Тренировался Гулиа необычно – он постоянно выискивал в зале того, у кого можно выиграть спор. Иногда ему подыгрывал и тренер в зале. В зал приходили обычно разные люди, постоянный состав был не более 4–5 человек. Так вот, завидев какого-нибудь нового спортсмена, который начинал кичиться своей силой («трепача», как называл таких Гулиа), профессор «подкатывал» к нему, восхищался его силой и техникой, жаловался на приближающуюся старость, потерю сил и т. д. Входил в доверие, одним словом. Присмотревшись к «трепачу», Гулиа уже мог наизусть сказать, сколько и в каком движении он может поднять. И тут затевался спор.

Допустим, Гулиа громко говорит, что если он вспомнит молодость, да «поднахрюнится», то 120 выжмет. 120 – это не зря, Гулиа чувствует, что для «трепача» – это посильный, но предельный вес. Тренер с хохотом вскакивает и начинает подначивать: – А скорую помощь вызывать не придется? Гулиа «распаляется», говорит, что если на спор, то обязательно выжмет, а так – стимула нет. Тренер опять подначивает: – А поспорьте с ним, – и он указывает на «трепача», – он вам 20 кило фору даст! Гулиа впадает в ярость, начинает швырять блины, называть всех «фрайерами», и говорит, что никакой форы ему не нужно, мастера форы не берут, и тому подобное.

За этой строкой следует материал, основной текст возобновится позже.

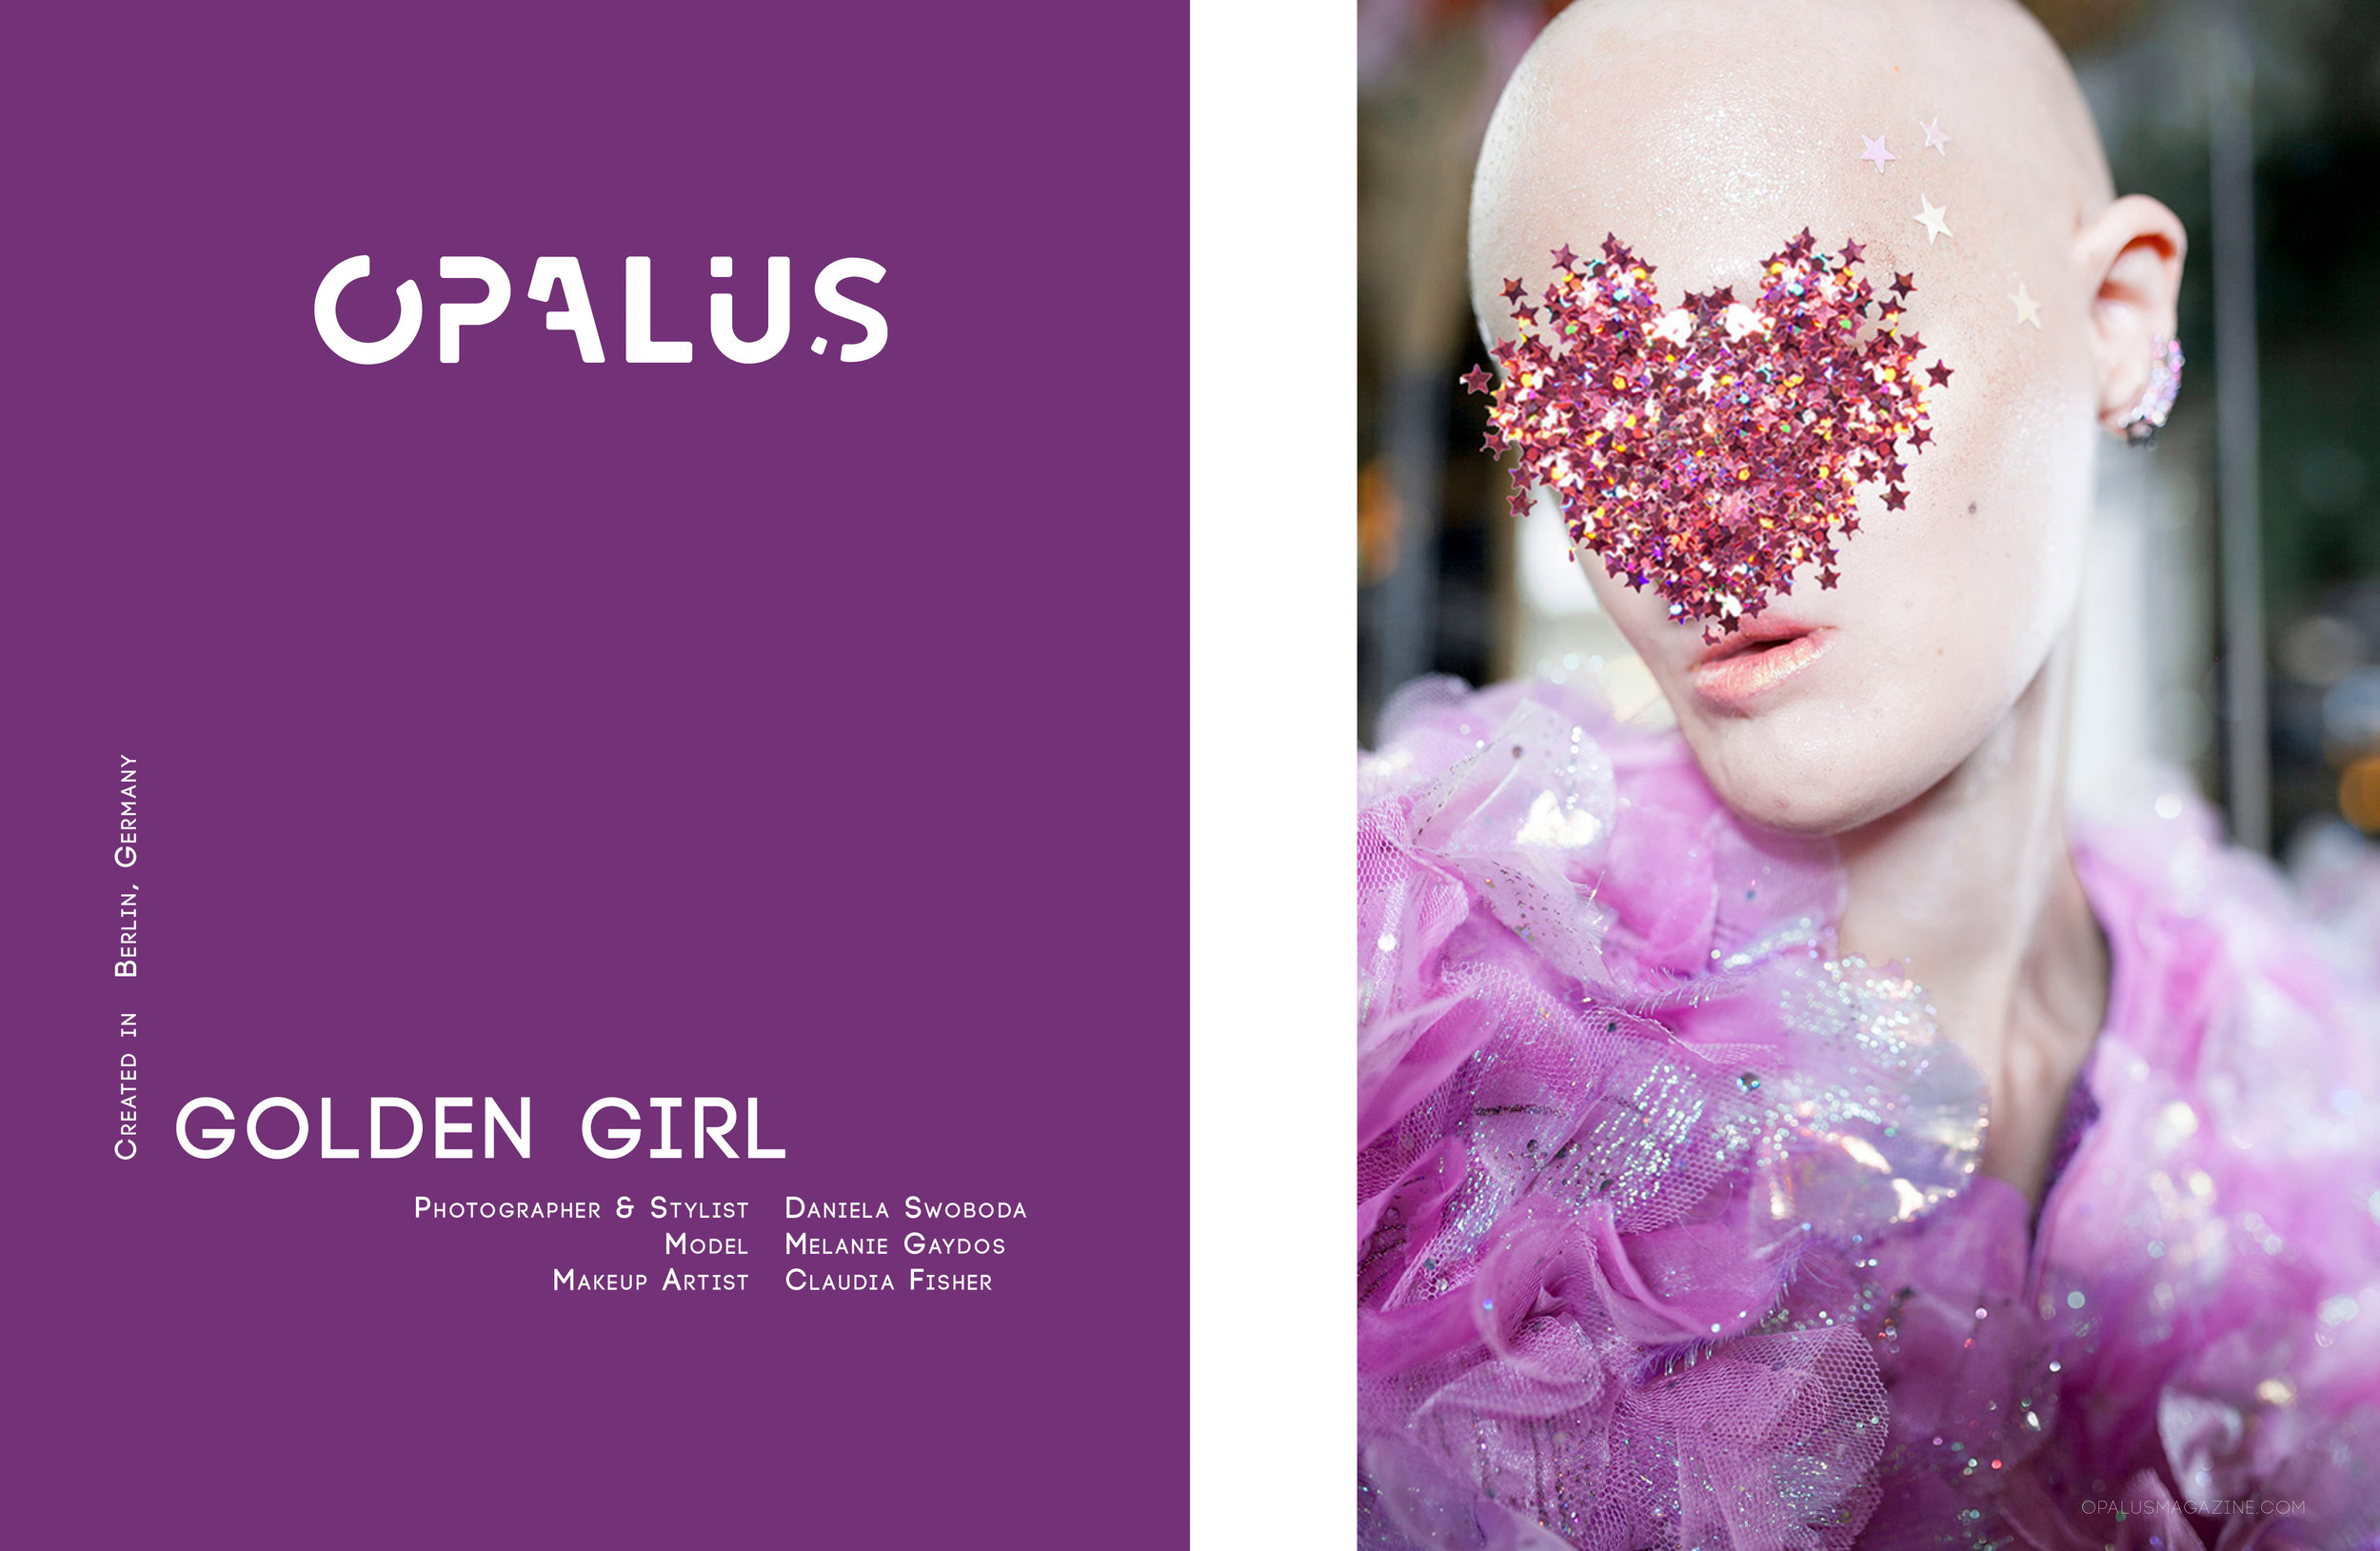 GoldenGirl_opalusmagazine_web-1-2.jpg

В результате затевается спор без форы, просто – кто выжмет больше. Тренер требует спорить на 10 бутылок шампанского. Гулиа, якобы чувствуя свою слабость, сбавляет число бутылок до двух. Короче говоря, сам «трепач» согласен спорить на шесть бутылок, и Гулиа с трудом, но соглашается на это. Видели бы вы профессора при этом! Он преображался, становился похож на старого еврейского маклера, которого хотят обмануть, и он сознательно идет на этот обман. Заключается пари, при этом в сейфе тренера находятся деньги, которые можно взять взаймы, если своих недостает. Затем Гулиа требует, чтобы первым подходил к штанге «трепач». Он, дескать, и моложе, и сильнее и он заявил «шесть бутылок», вот пусть он первым и подходит …

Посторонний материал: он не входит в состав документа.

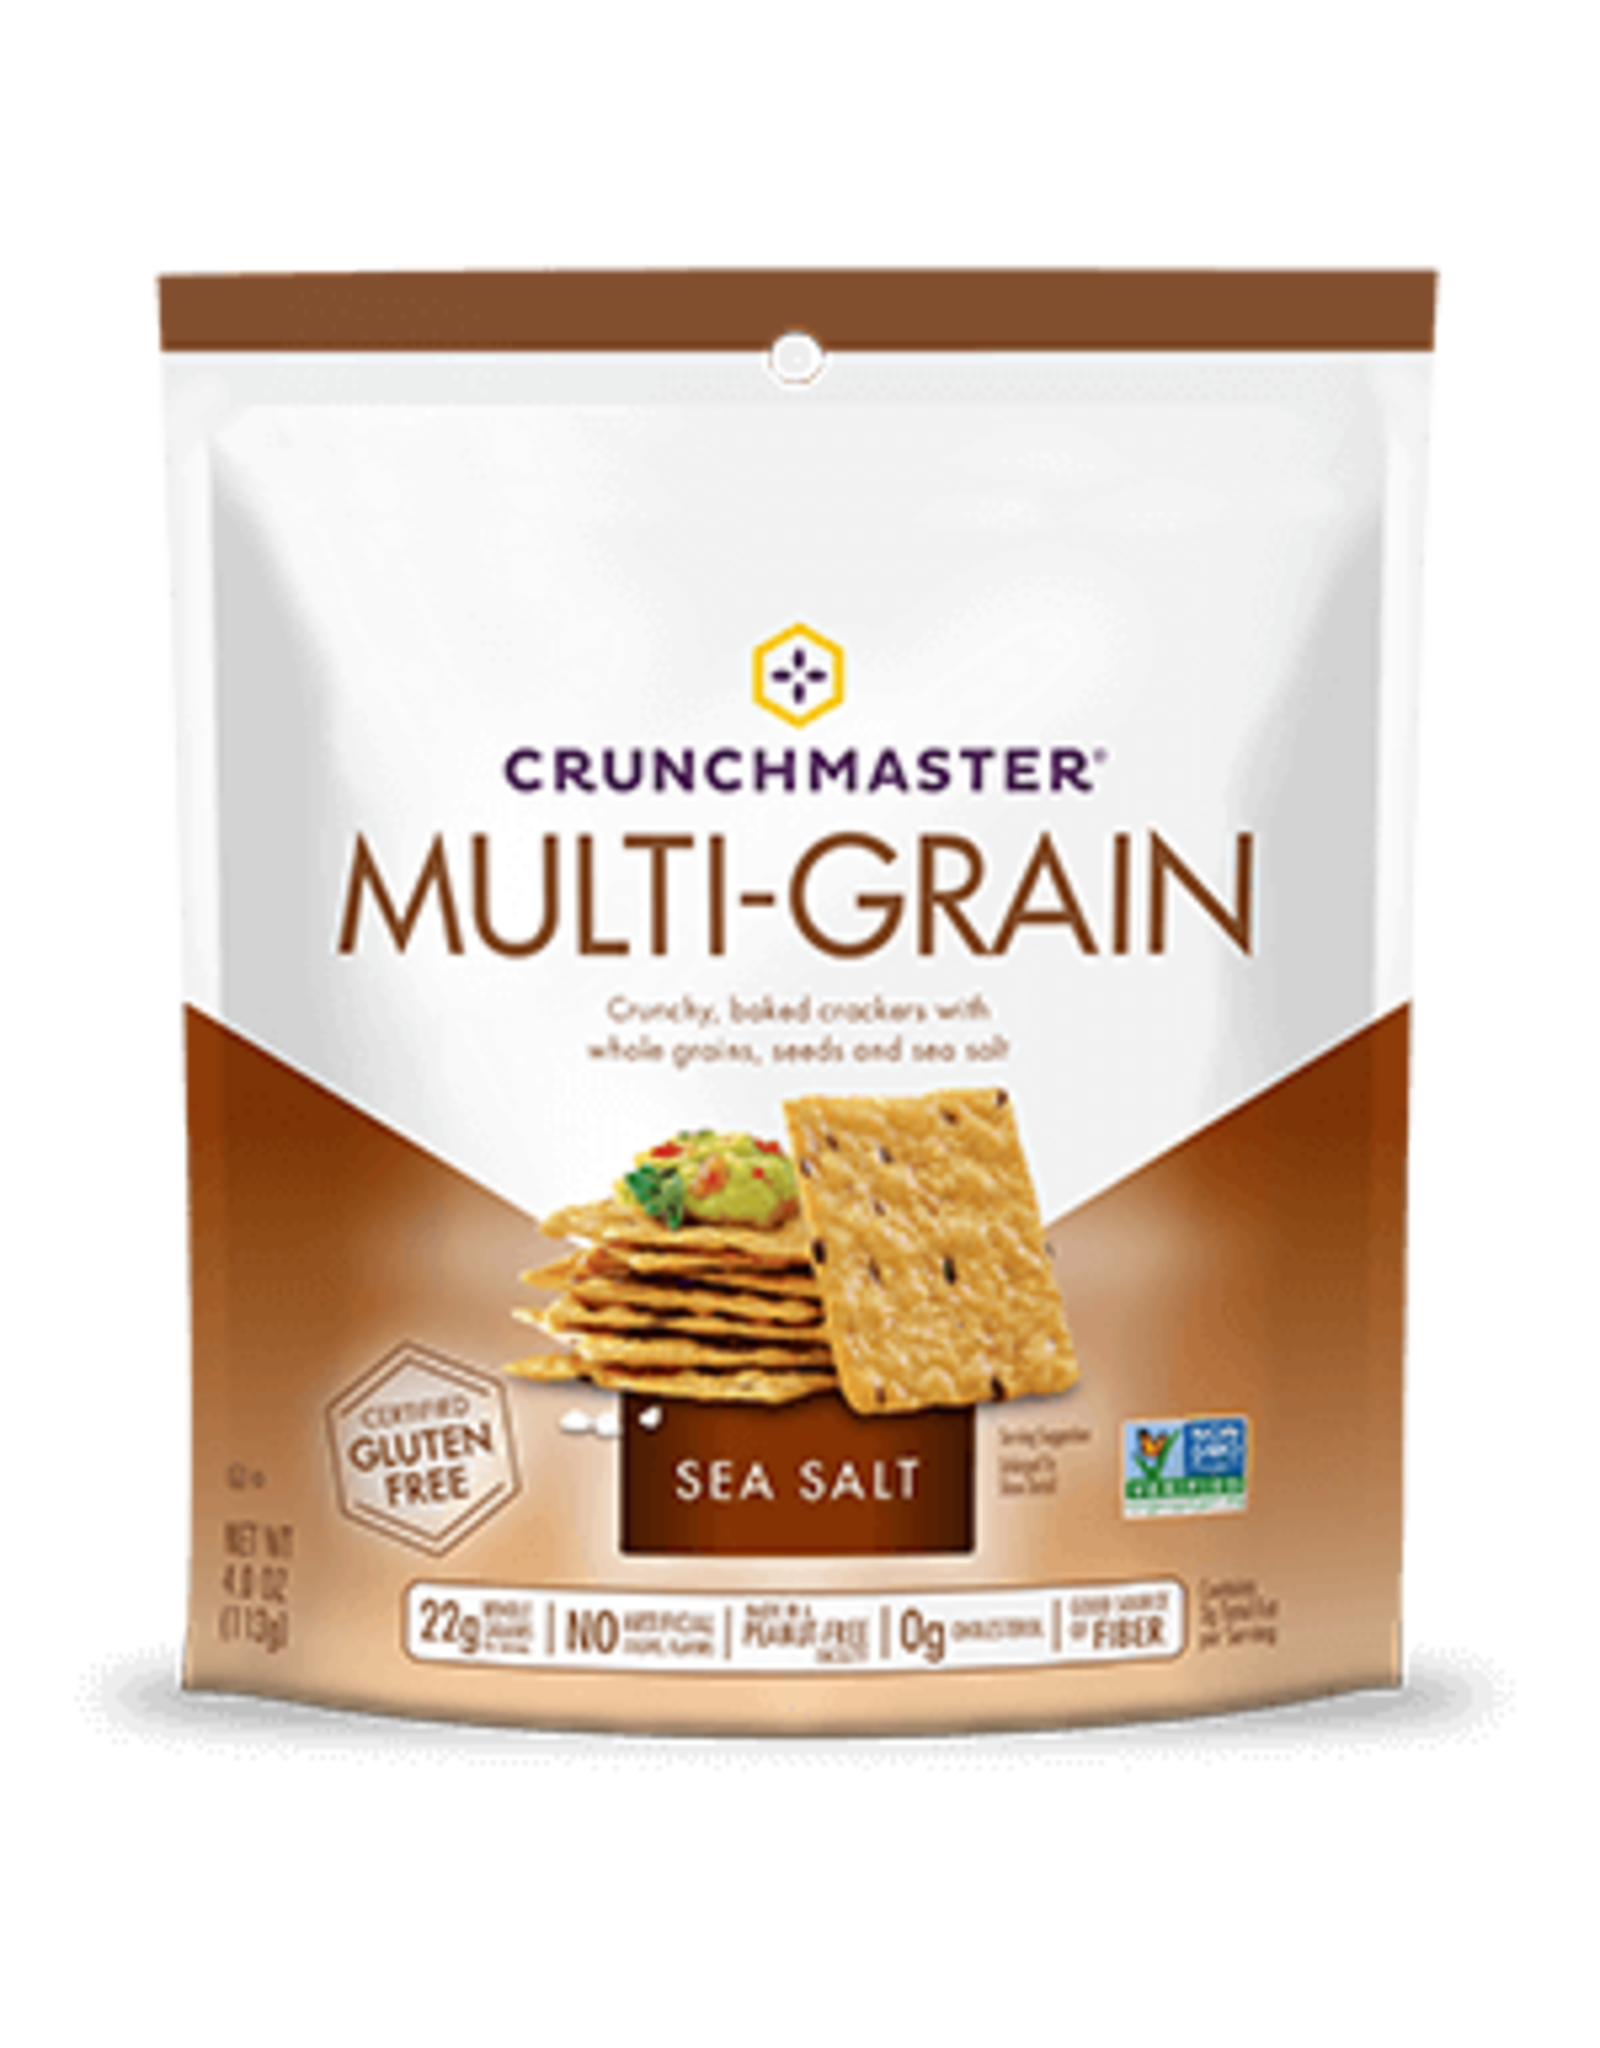 Crunchmaster Crunchmaster Multi-Grain & Sea Salt Gluten Free Crackers

Ну, поднимает, допустим, «трепач» в первом подходе 115 кг. А Гулиа «пропускает» этот вес, говорит, что силы не хочет тратить. Поднимает «трепач» во втором подходе 120 кг, а Гулиа снова пропускает подход. А 125 кг «трепач» поднять не может. Стало быть, его результат –120 кг. Гулиа ставит на штангу 122,5 кг (2,5 кг – это тот минимум, на который разрешается превышать вес) и с большим трудом выжимает ее. Бывает, что «трепач» в ярости подходит к 125 кг и с грехом пополам, но поднимает этот вес. Тогда Гулиа ставит 127,5 и с еще большим трудом выжимает штангу. Каким нужно быть артистом, чтобы не показать, своей силы, что можешь несколько раз выжать 140! «Трепач» ставит 130 кг, но не может оторвать штангу от груди. Все, спор выигран, Гулиа жалуется, что надорвал себе здоровье и теперь нужно ложится в больницу, а «гонец» забрав деньги и сумку, бежит за шампанским. Распивали после тренировки всей компанией, причастной к спору.

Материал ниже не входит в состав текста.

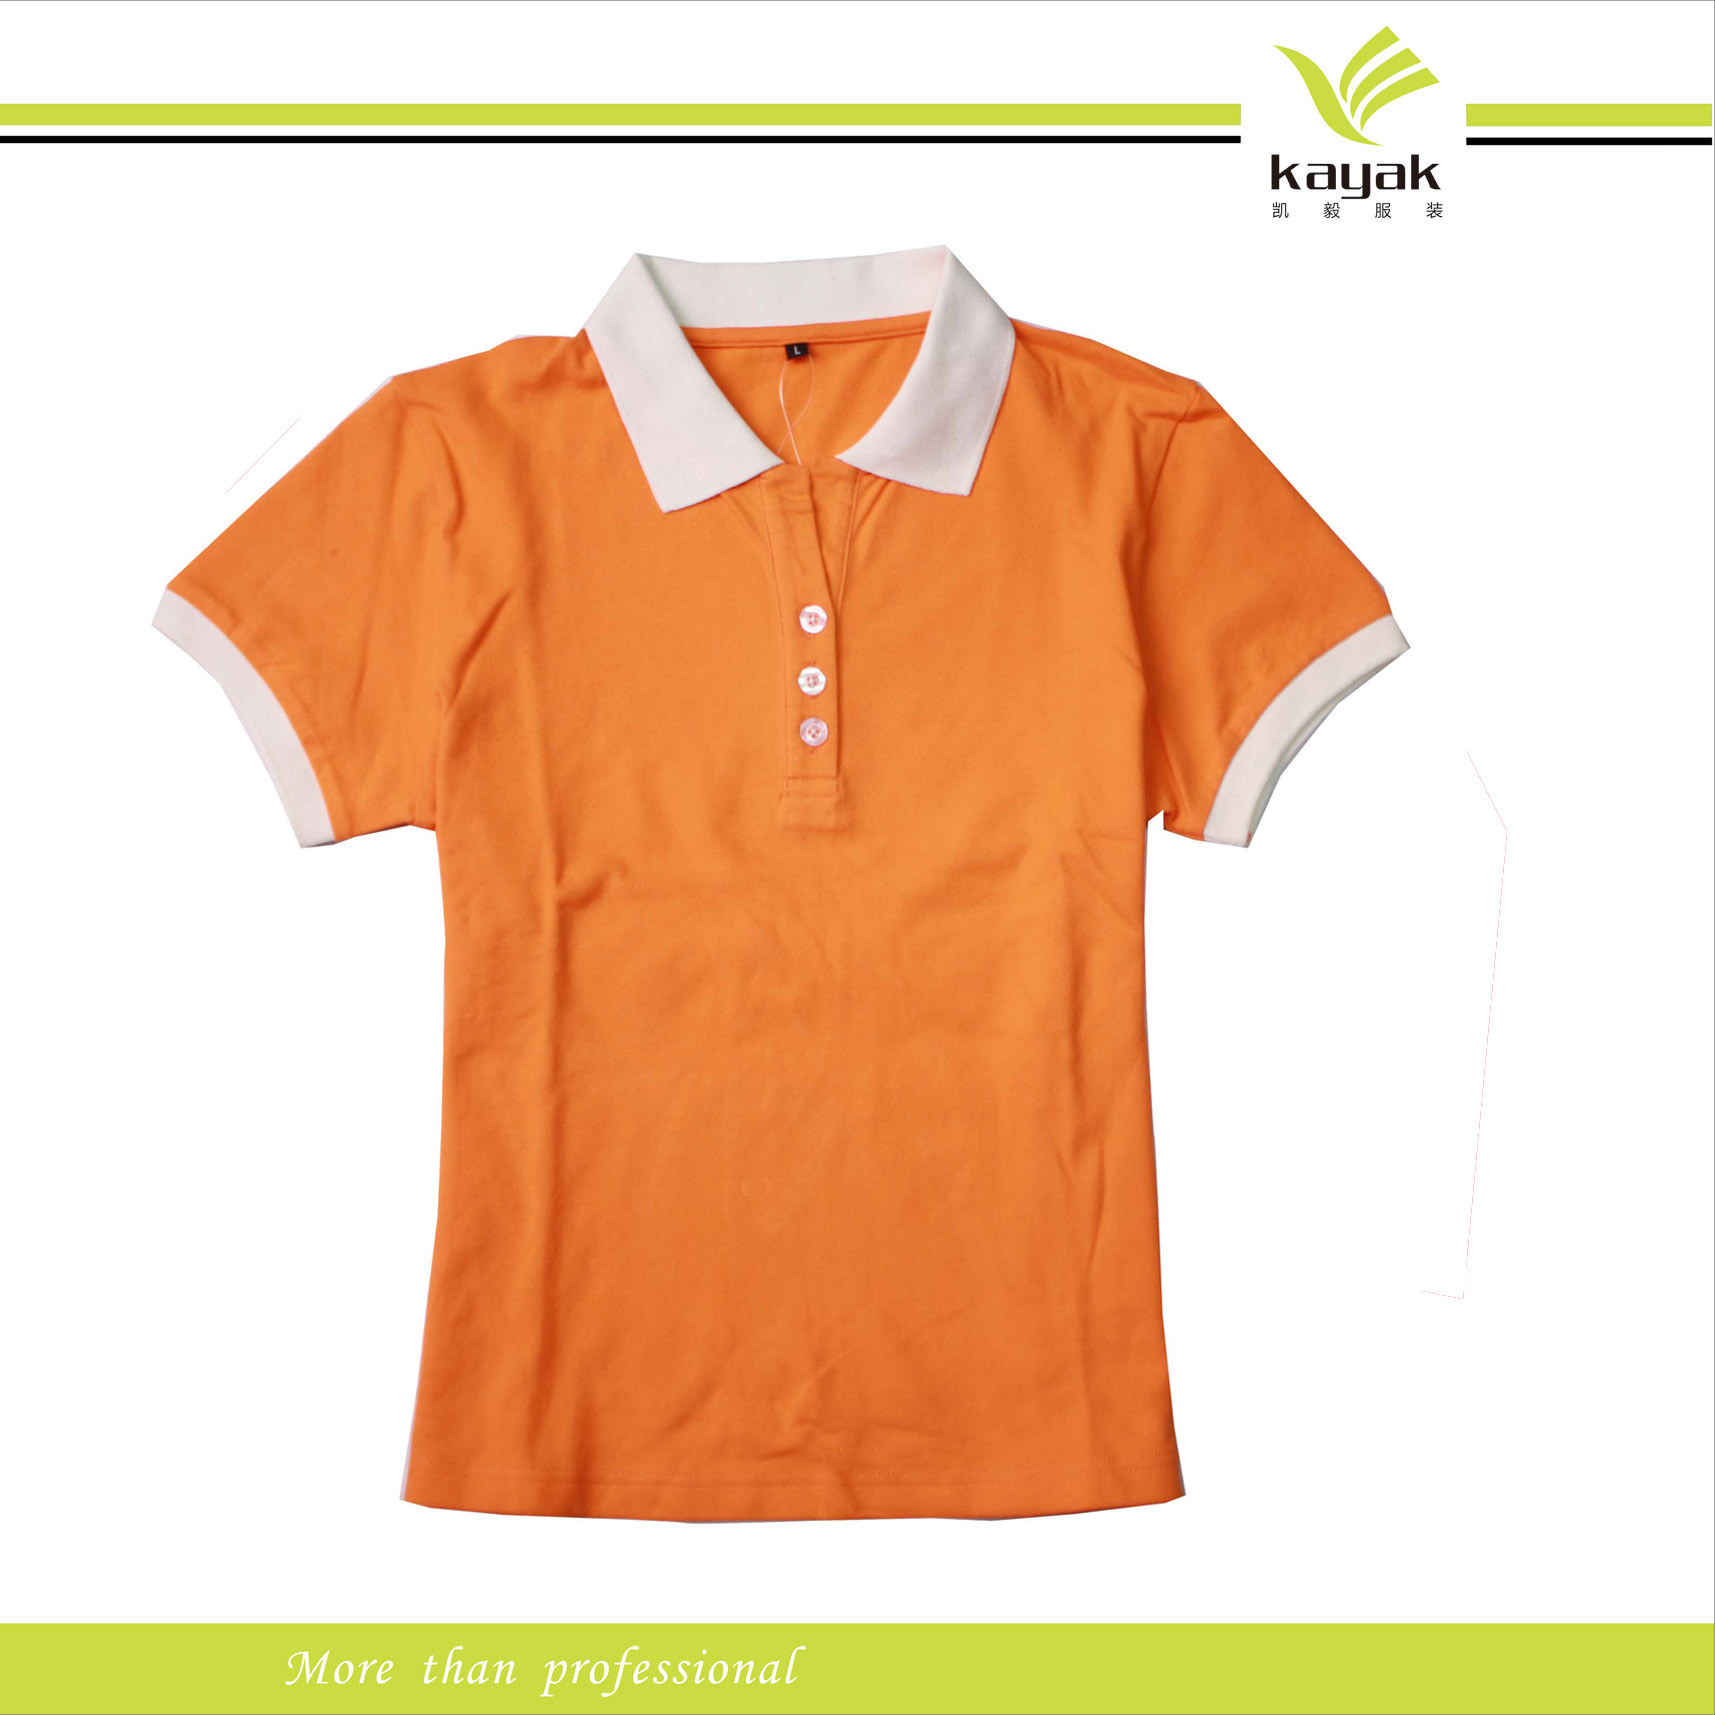 T Shirt Collar Types

Я как-то спросил у Гулиа, почему он сразу не поднимает максимум, чтобы подавить конкурента. – По-еврейски надо поступать, по-умному! – отвечал Гулиа. – Увидишь, Петрович я у него еще раза три выиграю. Он будет усиленно тренироваться, думая, что я надорвался, и сам недели через две предложит поспорить. Ну, я опять подниму с трудом на 2,5 кг больше и скажу, что получил грыжу, остеохондроз, импотенцию и т. д. Если он очень глуп, то через некоторое время опять захочет поспорить, но обычно после третьего раза все понимает и уходит из зала. А я жду нового «фрайера». Хороший у нас тренер – Виктор, помогает мне наказывать жлобов, которые старших не уважают. Вот и пояс фирменный подарил мне, чтобы я спину не надорвал!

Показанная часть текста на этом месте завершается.